Воды заводского пруда бились о плотину, штурмовали ее, будто осадные стенобитные машины.
А листва, еще не облетевшая, шелестела на деревьях так внятно, что тревожный шепот доходил до Саввы даже из-за оконной слюды...
В башенной горнице огонек лампады чуть оживляет темный лик Святителя. Молится Савва, подложив на чугунный пол под колени меховую шапку. Расстегнут ворот рубахи – душно старику, чудится ему чья-то рука на горле.
Читает молитву, а у самого мысли о мирском. Нет у молитвы силы освободить Савву от угрызений нечистой совести.
Назойливой стала старческая память, не дает уйти от пережитого и содеянного. Путается в ней старинное с недавним. Нет спасения от этой ведьмы.
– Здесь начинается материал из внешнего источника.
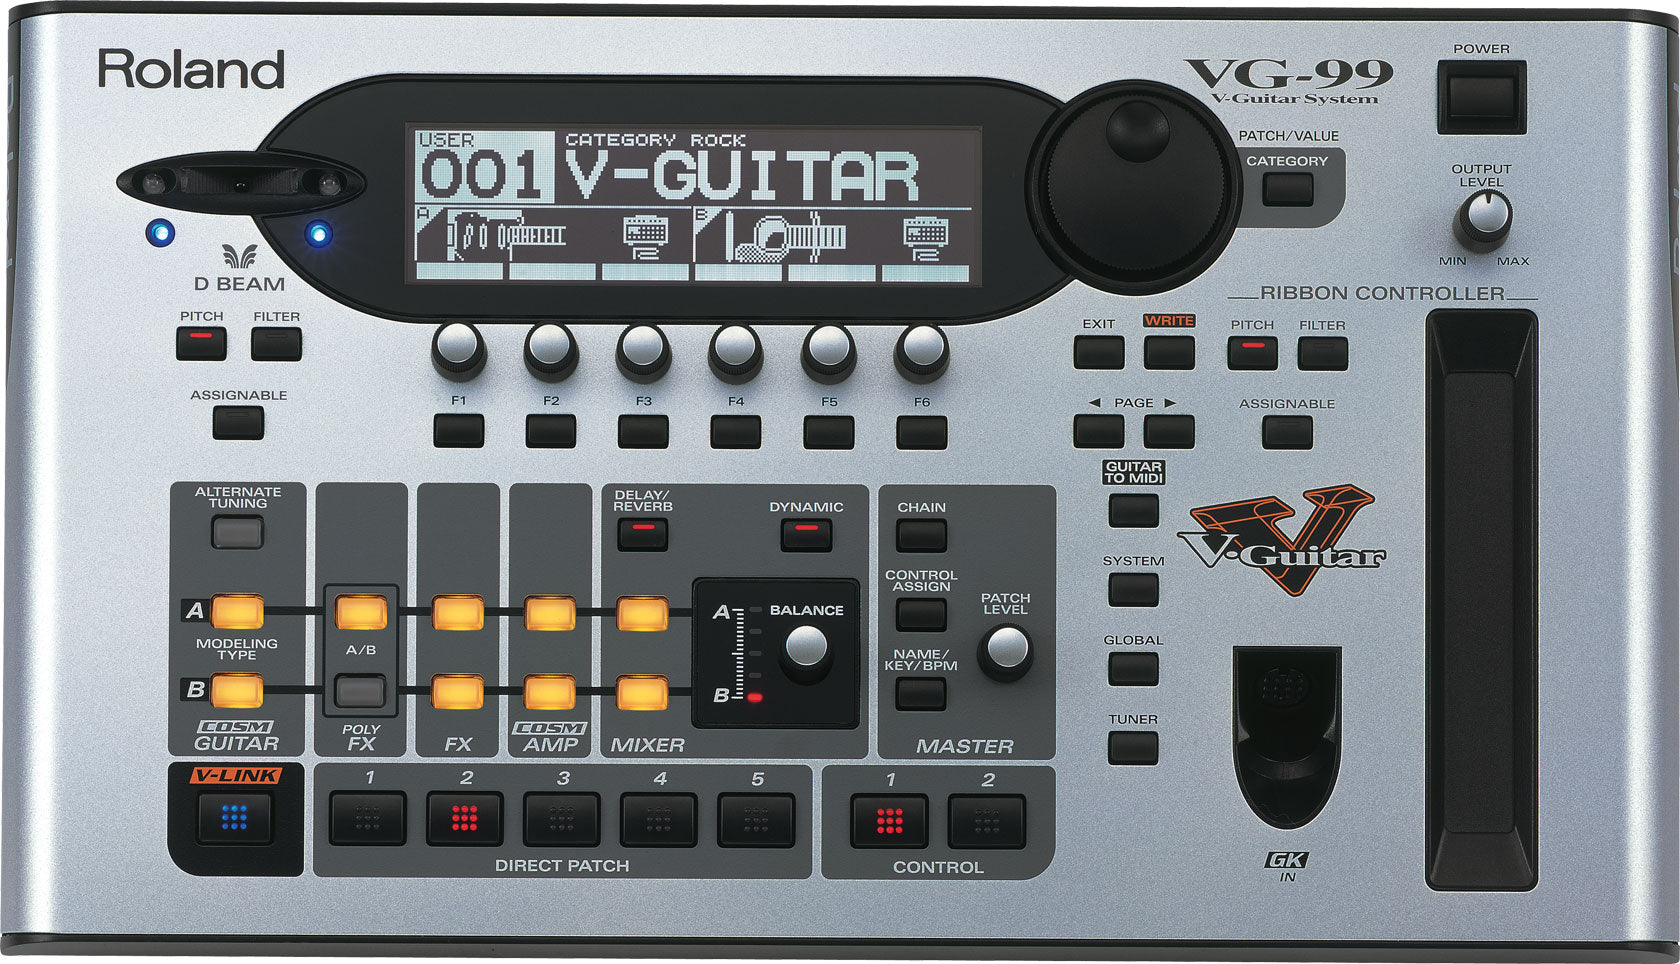 Roland VG-99 V-Guitar System 結他效果器
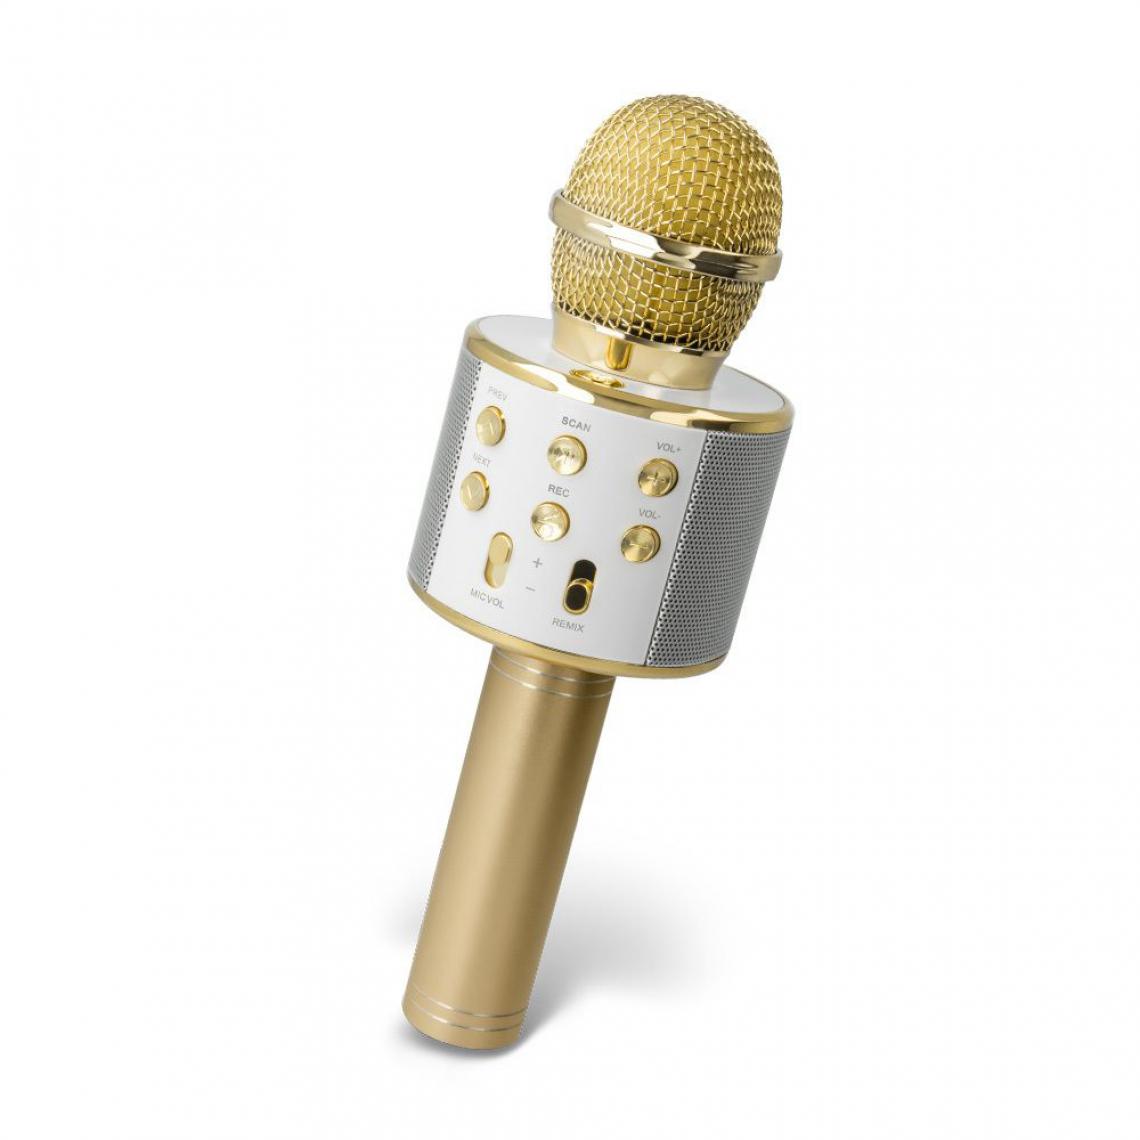 Ozzzo - Microphone Karaoke bluetooth haut parleur ozzzo Gold Or pour LG Stylo 4 Plus - Autres accessoires smartphone

Ведь не отыщи он острова в лесной глухомани среди зыбунов, не сидели бы теперь люди оттуда в башенных подземельях. Сегодня там четыре покойника – все удавленные. Савва спускался под башню, спрашивал людей, зачем они четверых жизни лишили. Ни слова в ответ не услышал. Тогда башенный старшина отобрал несколько человек на допрос к Мосолову. Тагильский углежог под плетями сказал, что самолично подбил народ задушить тех четырех. Умертвили их за то, что хотели они объявить о себе правду и выйти на волю. Мосолов спросил углежога, кто душил. Тот молчал. Приказчик ударил его по лицу кулаком, а углежог, скрипнув зубами, схватил приказчика и поднял, как куль, бросил о землю, да так, что с ним больше часа отваживались. Углежог обратил на себя внимание Саввы в первый день появления в подземелье. Савва учуял в нем великую силу, он и на молитве думал о силе углежога. Неужто и его придется со всеми вместе успокоить в братской сырой могиле?..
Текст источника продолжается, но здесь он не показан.